With increasing rates of resistance developing with the use of ceftazidime–avibactam (“You use it- you lose it”), Vabomere is a welcomed addition in the arsenal for the treatment of ESBL and CRE infections.

It was previously destined to be called Carbavance but seems that the manufactures had a change of heart and went with Vabomere.  What other ridiculous antibiotics names do you have soft spot for? What do you think of Vabomere vs Carbavance.

I personally think we have a dearth of antibiotics which start with the letter V, so my vote goes to Vabomere. Both seem like some ridiculous dark lord nemesis names. But maybe that’s what’s needed to combat the rising rates of ESBL and MDR organisms.

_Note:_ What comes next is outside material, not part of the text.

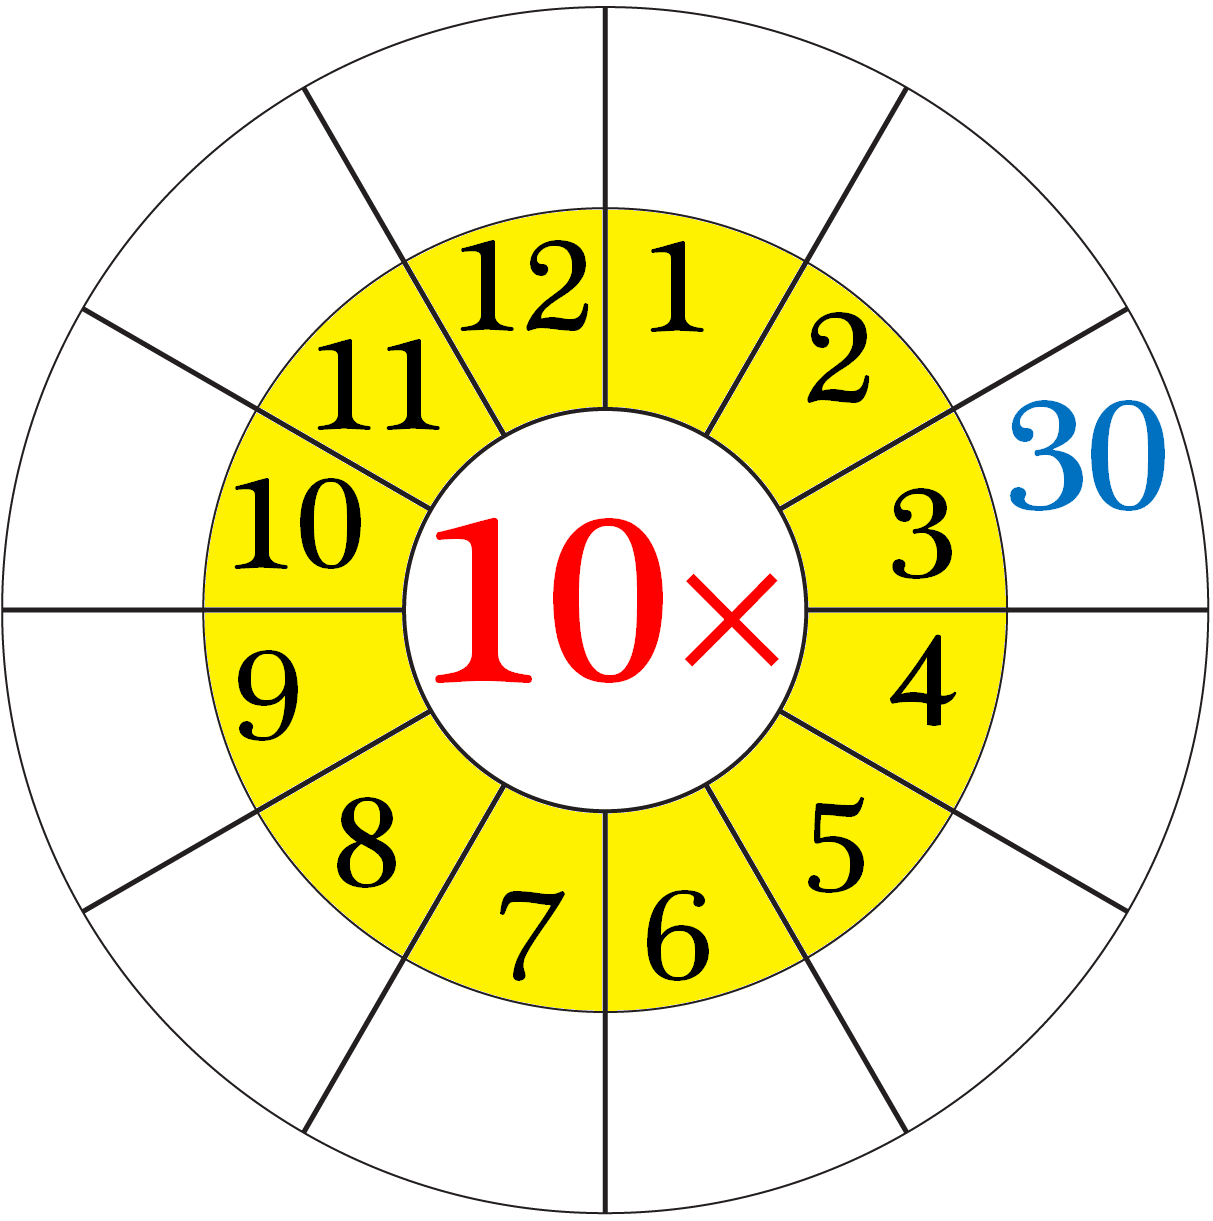 Worksheet on Multiplication Table of 10

-Ahmed Babiker, MBBS;  1st Year ID Fellow at Pitt

References:

Press Announcement

Griffith DC, Loutit JS, Morgan EE, Durso S, Dudley MN. Phase 1 Study of the Safety, Tolerability, and Pharmacokinetics of the β-Lactamase Inhibitor Vaborbactam (RPX7009) in Healthy Adult Subjects. Antimicrob Agents Chemother. 2016 Sep 23;60(10):6326-32.

Lapuebla A, Abdallah M, Olafisoye O, Cortes C, Urban C, Quale J, et al. Activity of meropenem combined with RPX7009, a novel β-lactamase inhibitor, against gram-negative clinical isolates in New York City. Antimicrob Agents Chemother. 2015;59(8):4856–60

Wenzler E, Gotfried MH, Loutit JS, Durso S, Griffith DC, Dudley MN, et al. Meropenem-RPX7009 concentrations in plasma, epithelial lining fluid, and alveolar macrophages of healthy adult subjects. Antimicrob Agents Chemother. 2015;59(12):7232–9.

Wong D & van Duin D. Novel Beta-Lactamase Inhibitors: Unlocking Their Potential in Therapy. Drugs. 2017 Apr;77(6):615-628.